C’est tout. C’est peu. Mais c’est que l’essentiel du programme relève d’une volonté de « démocratisation de la culture », jugée trop élitiste : un musée nomade pour présenter les œuvres du XXe siècle ; un service de vidéos à la demande pour les étudiants ; la participation à des orchestres classiques de jeunes en situation difficile, dans les quartiers sensibles, et n’ayant jamais pratiqué la musique... C’est mignon. Et si fluet que c’en est étonnant. Avec cette série de gadgets bien-pensants qui ne constitue en rien une politique culturelle, on frôle allègrement la démagogie, qu’il suffit de rebaptiser démocratisation pour lui donner belle allure.

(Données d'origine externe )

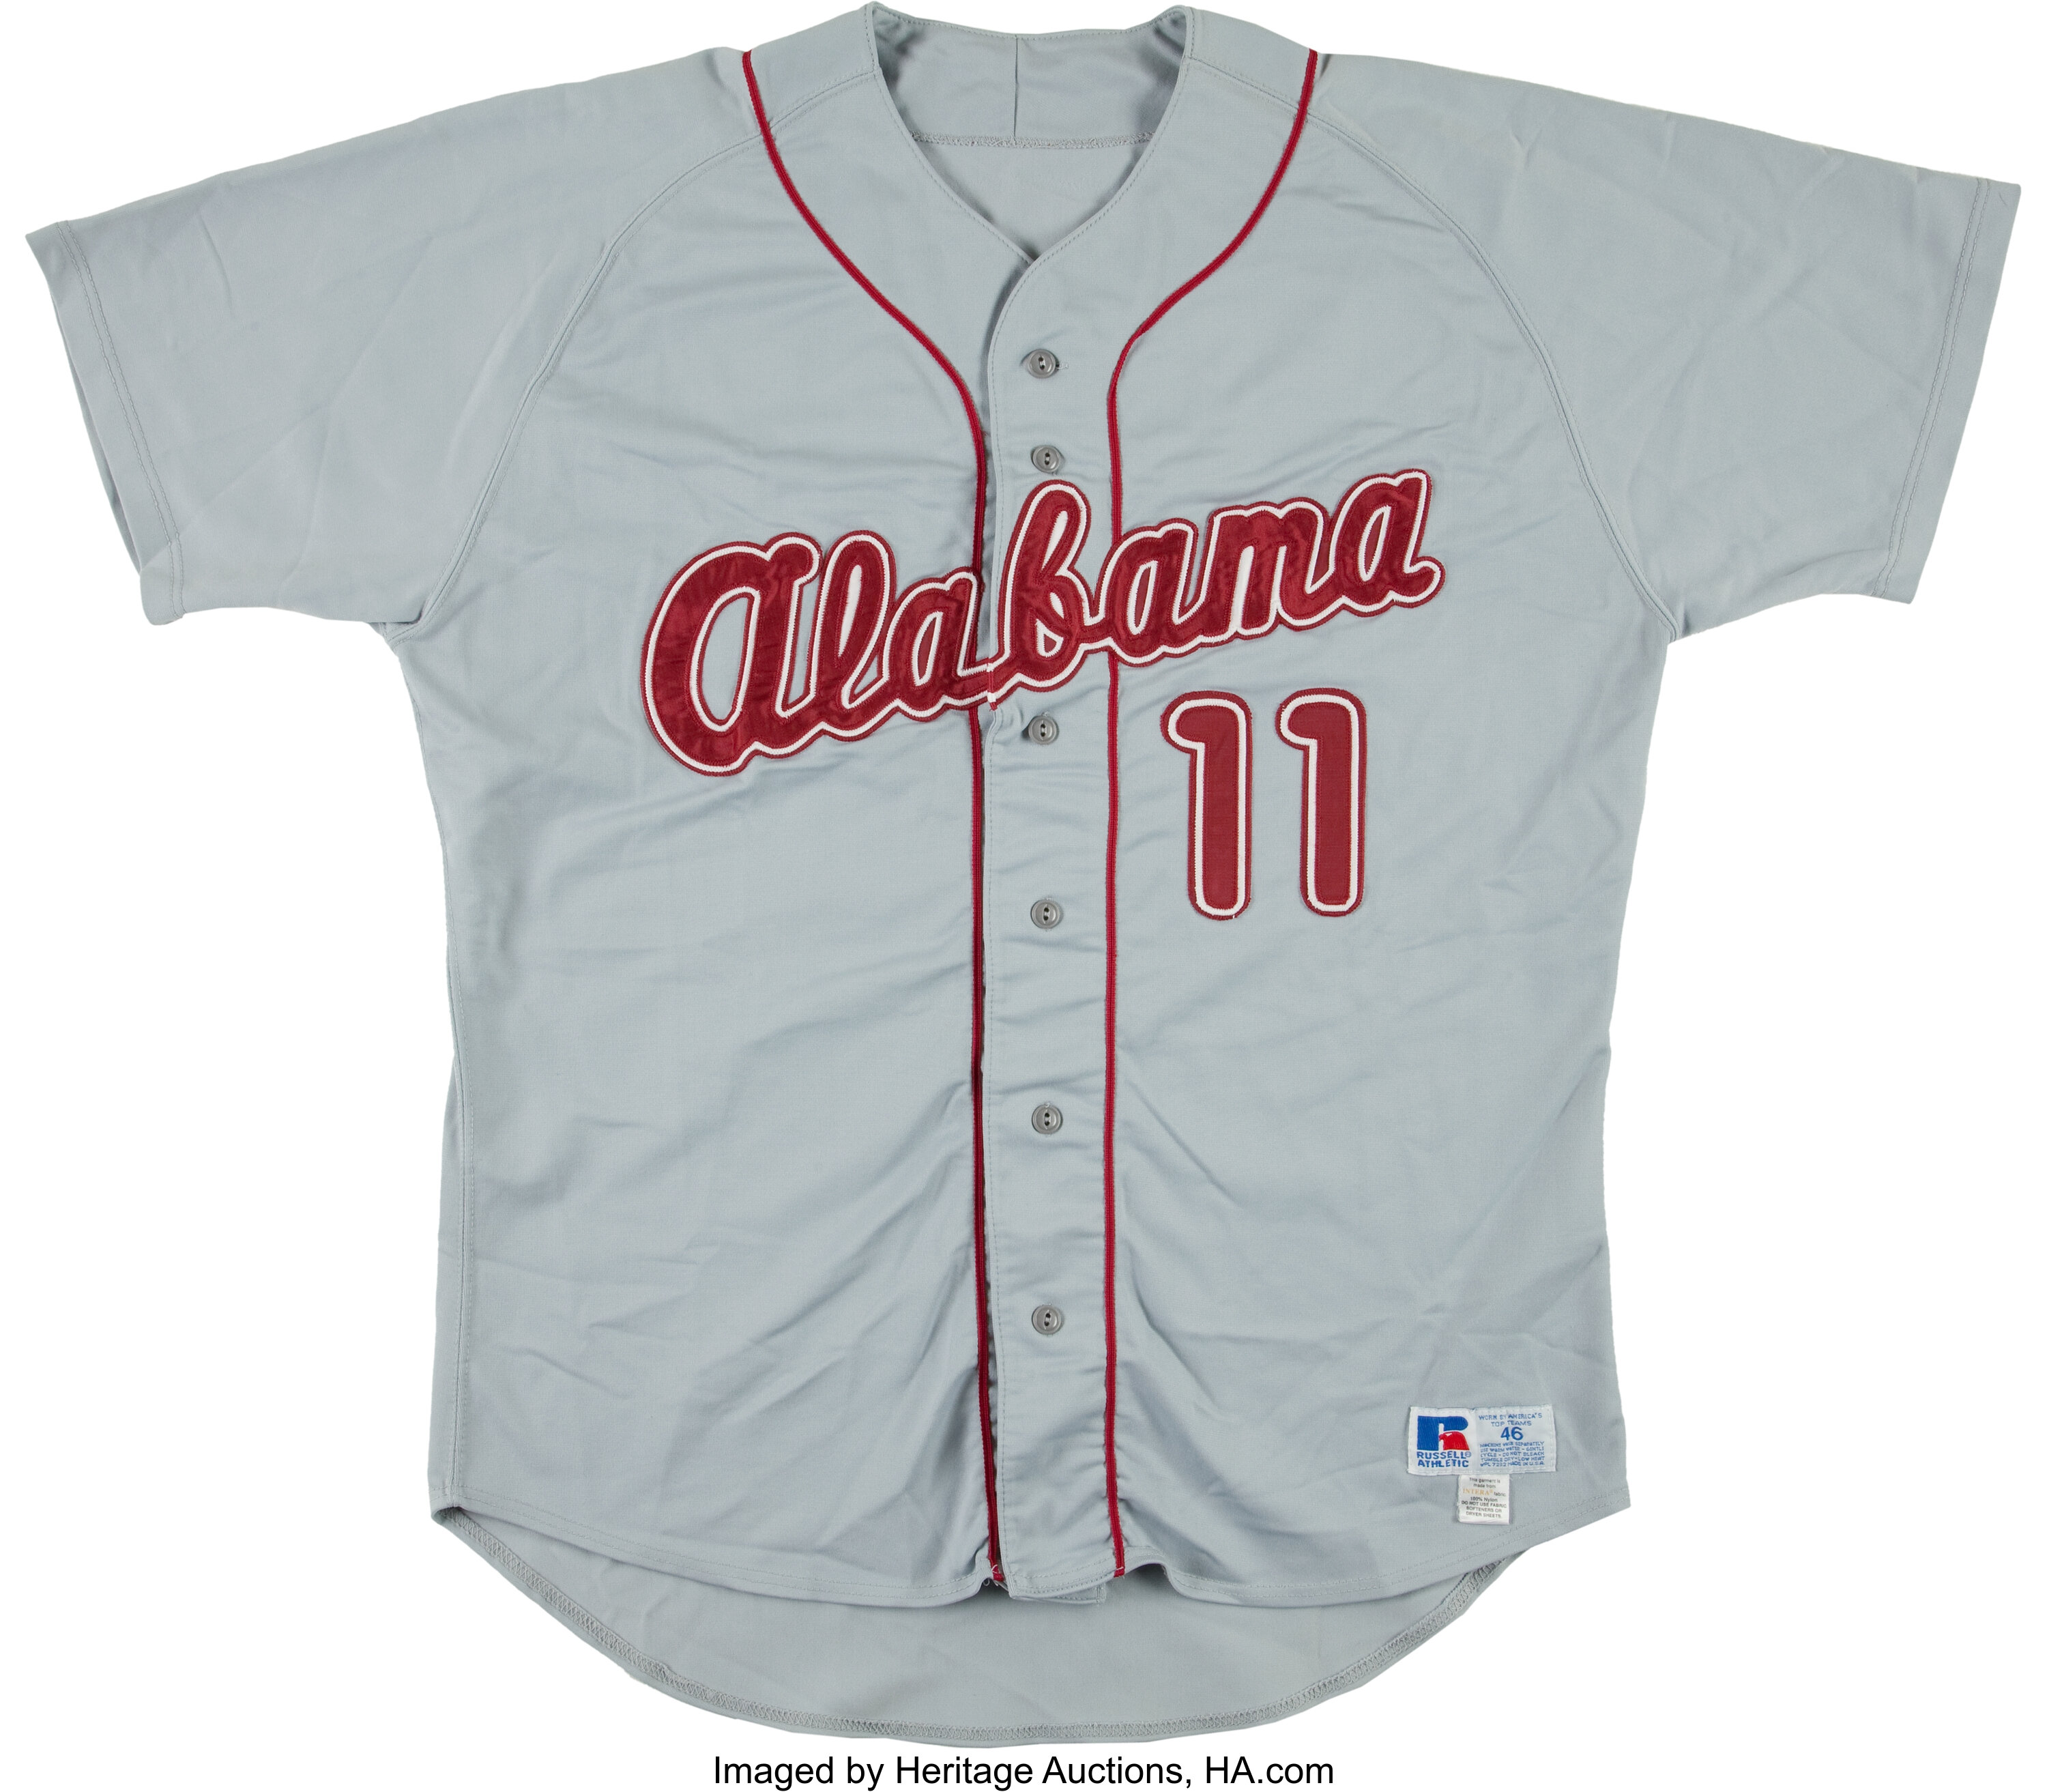 1980's-90's Alabama Crimson Tide Game Worn Baseball Jerseys Lot of

Tout paraît sans surprise, et inoffensif... Sauf que d’autres missions attribuées à ce Conseil ont été moins mises en lumière : il doit notamment « examiner en priorité les mesures de nature à permettre le développement de nouvelles sources de financement de la création artistique (8) ». Ah ! Comme le précise M. Karmitz, il faut « garder du public et mettre dans le coup du financement privé » ; les artistes ne doivent pas « se considérer uniquement comme des assistés (9) ». Les subventions publiques seraient donc de la « charité » ? La culture pourrait donc être une affaire rentable ?... On comprend mieux le silence du Conseil concernant le théâtre, si regrettablement coûteux, et sa passion pour le numérique, qui entre dans au moins quatre de ses propositions. On comprend mieux que la « création » ait une place aussi maigrelette, et qu’il soit davantage question ici de « publics » que de « citoyens ».

D’après M. Karmitz, fondateur de la société MK2 — 70 millions d’euros de chiffre d’affaires —, « la culture ne peut se faire que dans la rébellion ». Contre les fins de mois difficiles ? Ou contre la réforme libérale du ministère de la culture (10) ?

Evelyne Pieiller.

Ecrivaine, auteure notamment de Dick, le zappeur des mondes, La Quinzaine littéraire, Paris, 2005 ; de L’Almanach des contrariés, Gallimard, coll. « L’arpenteur », Paris, 2002.

( 1 ) « Vœux aux acteurs de la culture », Nîmes, 13 janvier 2009.

( 2 ) Discours à l’occasion de l’installation du Conseil pour la création artistique, Paris, 2 février 2009.

( 3 ) « Vœux aux acteurs de la culture », op. cit.

( 4 ) Ibid.

( 5 ) Le premier ministre et le ministre chargé de la culture en sont membres de droit.

( 6 ) Discours à l’occasion de l’installation du Conseil..., op. cit.

( 7 ) Ibid.

( 8 ) Décret portant sur la création du Conseil, 30 janvier 2009.

( 9 ) Entretien avec Jean-Pierre Elkabbach, Europe 1, 14 janvier 2009.

( 10 ) Le Syndicat national des entreprises artistiques et culturelles (Syndeac) réclame la dissolution du Conseil.